For investors, the 'Buy' rating on Asarfi Hospital Ltd reflects a stock that combines solid financial health, attractive valuation, and positive technical momentum. The company’s ability to generate strong profit growth and maintain low leverage reduces downside risk, while its valuation metrics suggest room for further appreciation. The bullish technical outlook supports the case for continued price strength, making this stock a compelling option for those seeking exposure to the hospital sector’s growth potential.



It is important to note that while the rating was updated on 14 Nov 2025, all financial data and returns discussed here are current as of 25 December 2025. This ensures investors have the latest information to make informed decisions based on the company’s present-day fundamentals and market performance.



Summary of Key Metrics as of 25 December 2025



  • Mojo Score: 77.0 (Buy Grade)

  • Debt to EBITDA Ratio: 1.44 times (Low leverage)

  • Net Profit Growth: +34.38%

  • PBT LESS OI Quarterly Growth: +122.3%

  • Net Sales Quarterly: ₹44.89 crores (Highest recorded)

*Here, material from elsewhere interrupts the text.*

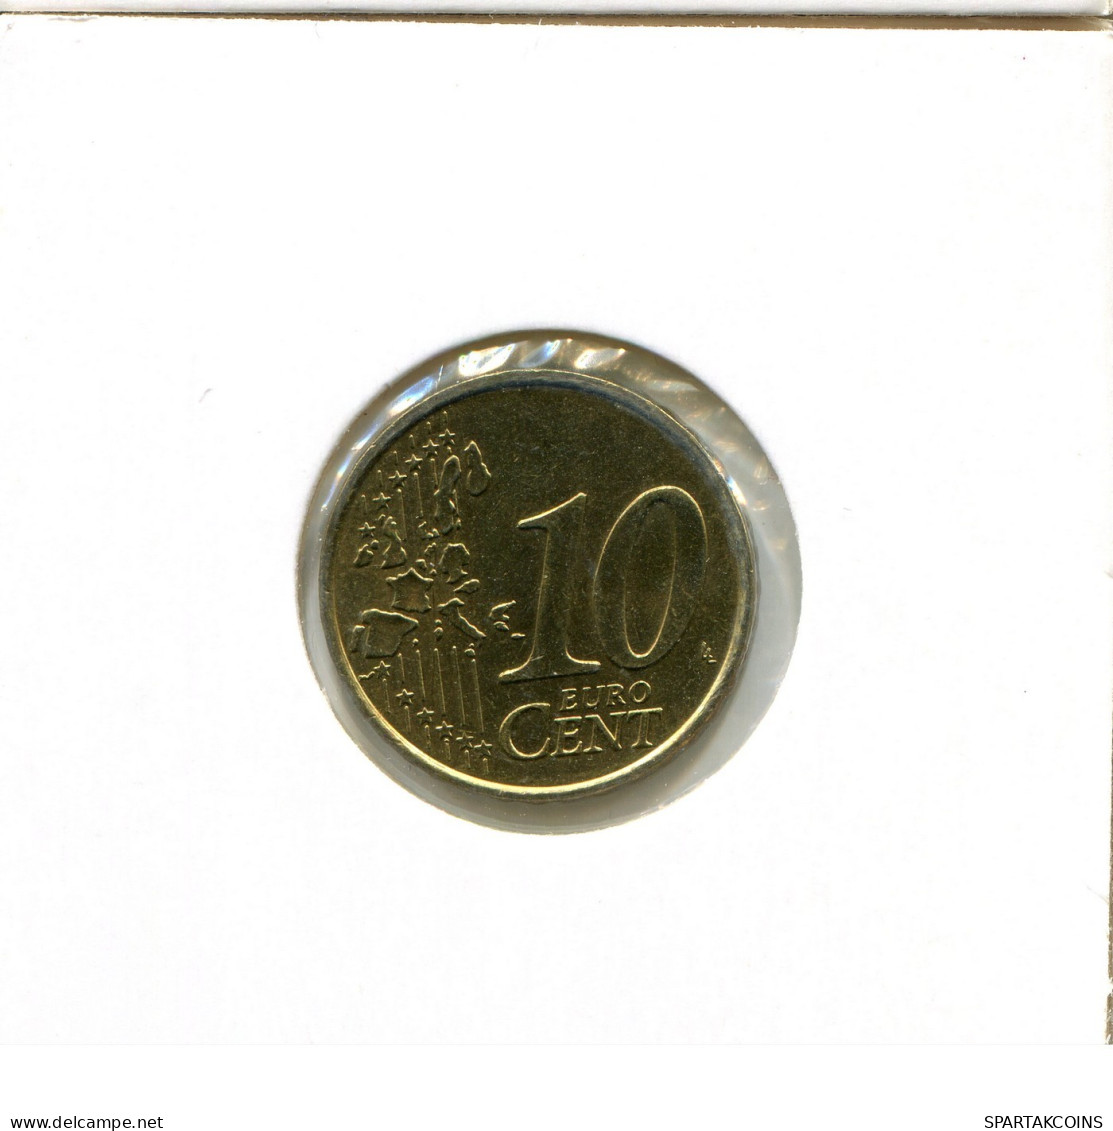 10 EURO CENTS 2002 FRANCE Coin Coin #EU445.U.A - France

  • PBDIT Quarterly: ₹8.87 crores (Highest recorded)

  • ROCE: 8.6%

  • Enterprise Value to Capital Employed: 3.2

  • PEG Ratio: 0.2 (Indicates undervaluation relative to growth)

  • 1-Year Stock Return: +86.00%

  • BSE500 1-Year Return Benchmark: +6.20%



These metrics collectively underpin the current 'Buy' rating and highlight the stock’s potential as a growth-oriented investment within the hospital sector.